Океан обладает удивительной способностью разговаривать молча, слушать его можно бесконечно. И молчать с ним о том, что, на самом деле, тебе больше не с кем говорить. Потому что была она, которая умела слушать. Потому что была она, умевшая молчать. Она, ощущавшая слово, как плод познания — кончиком языка, в игре, в насыщении, в шершавости, во всей отраве. Она, научившая его говорить — так, что до сей поры обкатывал в уме фразы, проверяя про себя: «а ей бы понравилось?», поверяя по ее вкусу, той, ушедшей, распавшейся в перегной под белым камнем. Потому что какой смысл жить дальше, ощущая день за днем только одно — пустоту в пробитой груди под брендовой футболочкой, эффектно обтягивающей нестареющий торс? Это не тот «какой смысл», от которого резался пацан Ромео, это гораздо хуже. Женщину, которую трахать, найдешь легко, ты поди найди ту, с которой станешь разговаривать. Без этого — без речи, понимания, разделенности, идеальной парности, не омраченной позывами плоти — он ощущал себя год от года все более мертвым. Посмертная любовь? Да нет, какое там, не любовь — потребность, которая не утолится уже никогда. И почему тогда, в Праге, нельзя было убить его, а не ту несчастную девочку? Хотя ответ он знал, и не радовался ответу. Потому что и сам он цинично променял бы теперь любую несчастную девочку на Элу, живую Элу Батори. Пялясь на Тринидаде в невероятно щемящий сердце закат, прекрасный, как сто закатов, запрокинув лицо в золотое небо, слезами стекающее медленно в море, обрушающееся ему на голову, он так и сказал вслух, отчаясь:

— Я хотел бы показать это тебе, понимаешь?
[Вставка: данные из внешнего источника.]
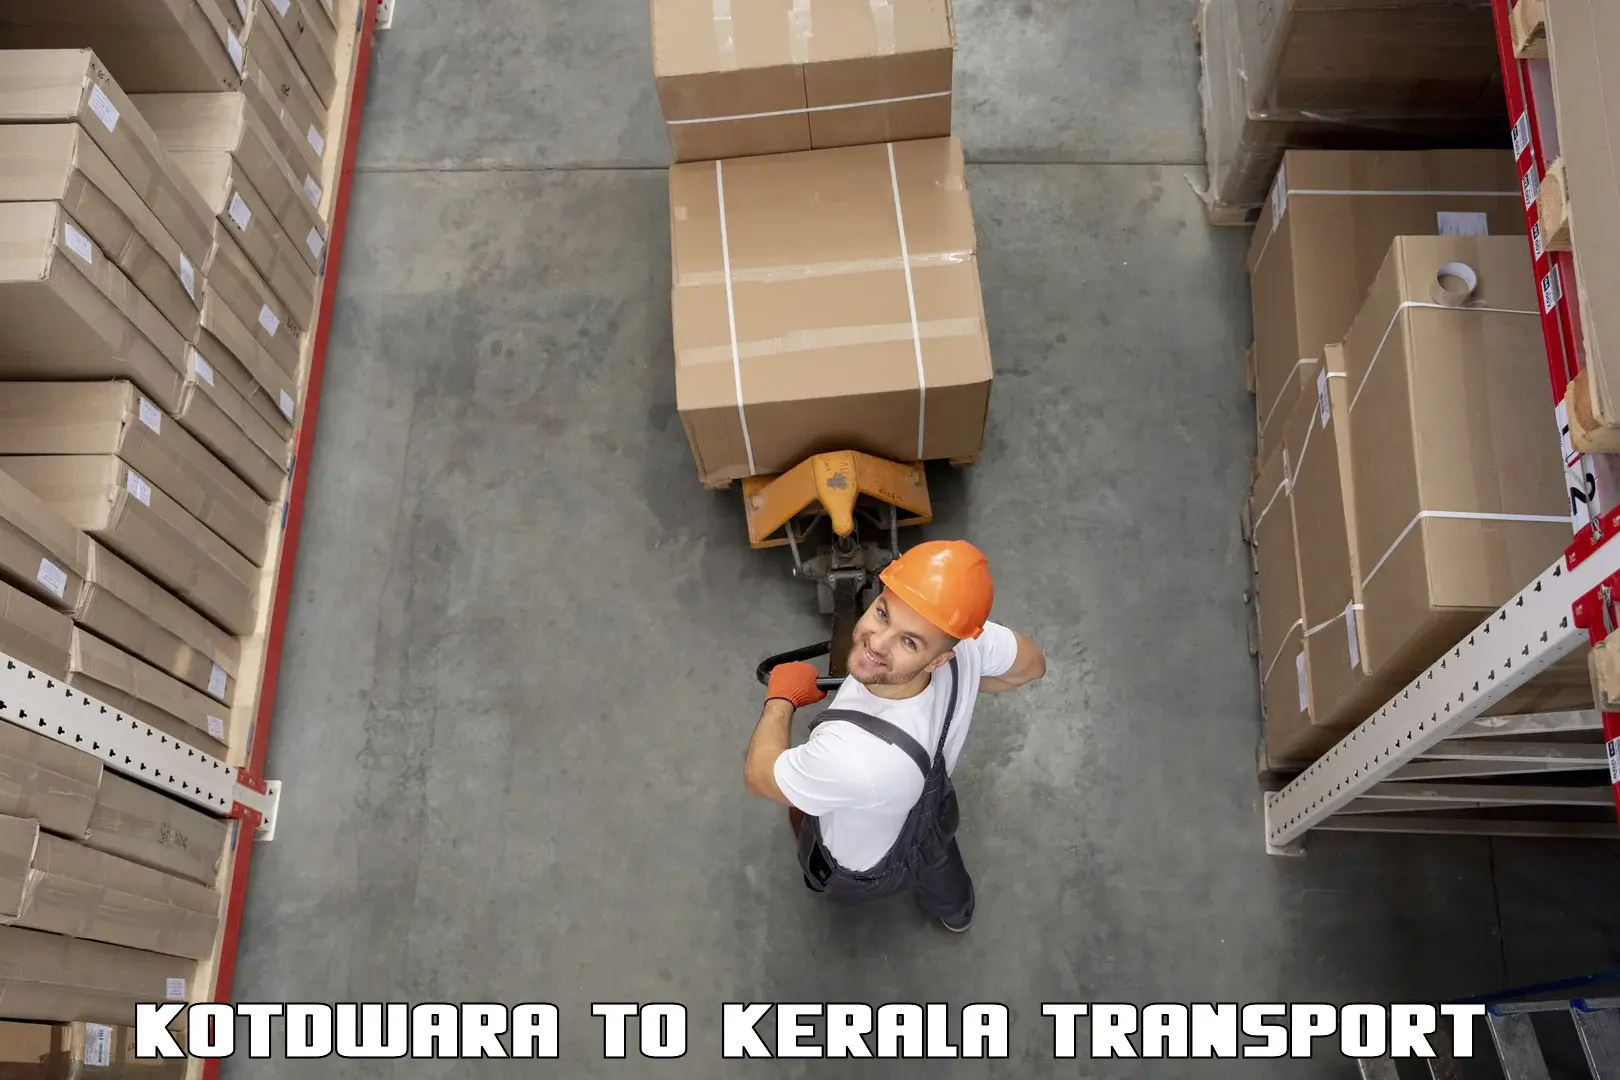 Daily transport service Kotdwara to Kakkayam
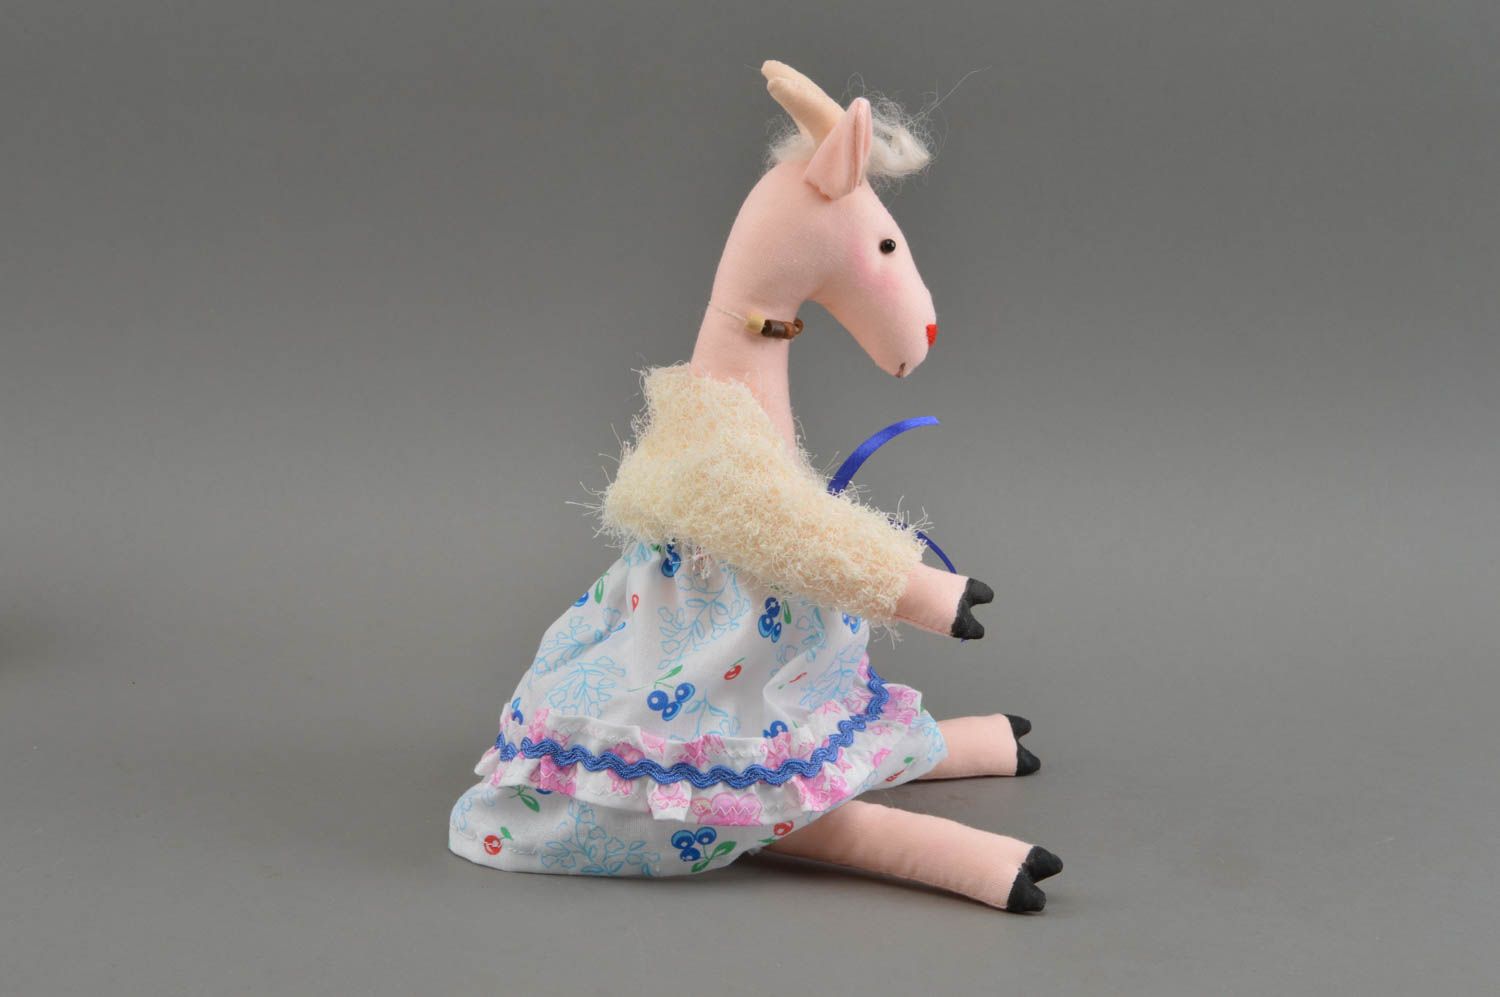 Тканевая игрушка в виде овечки смешная в платье необычная ручной работы фото 3

Единственный дар, которой мог принести ей, мертвой, он, ветер и свобода, заточенные в человеческом теле. Он мог подарить ей только то, в чем понимал сам. «Ибо я верю, что этот путь еще никто не торил, и это море совершенно неизвестно», — как некогда писал адмирал Индий.

Она молчала.

Небо было огромно, и в нем была пустота.

А потом, когда совсем перестал ждать, раздалось вдруг очень издалека:

— И что же тебе мешало, мой ясный пан? Ну, пока я была жива…

Теперь молчал он.

Не то от счастья, не то от боли, не то растерявшись.

— Будем считать, показал. Своими глазами, дарлинг.

Загрузка...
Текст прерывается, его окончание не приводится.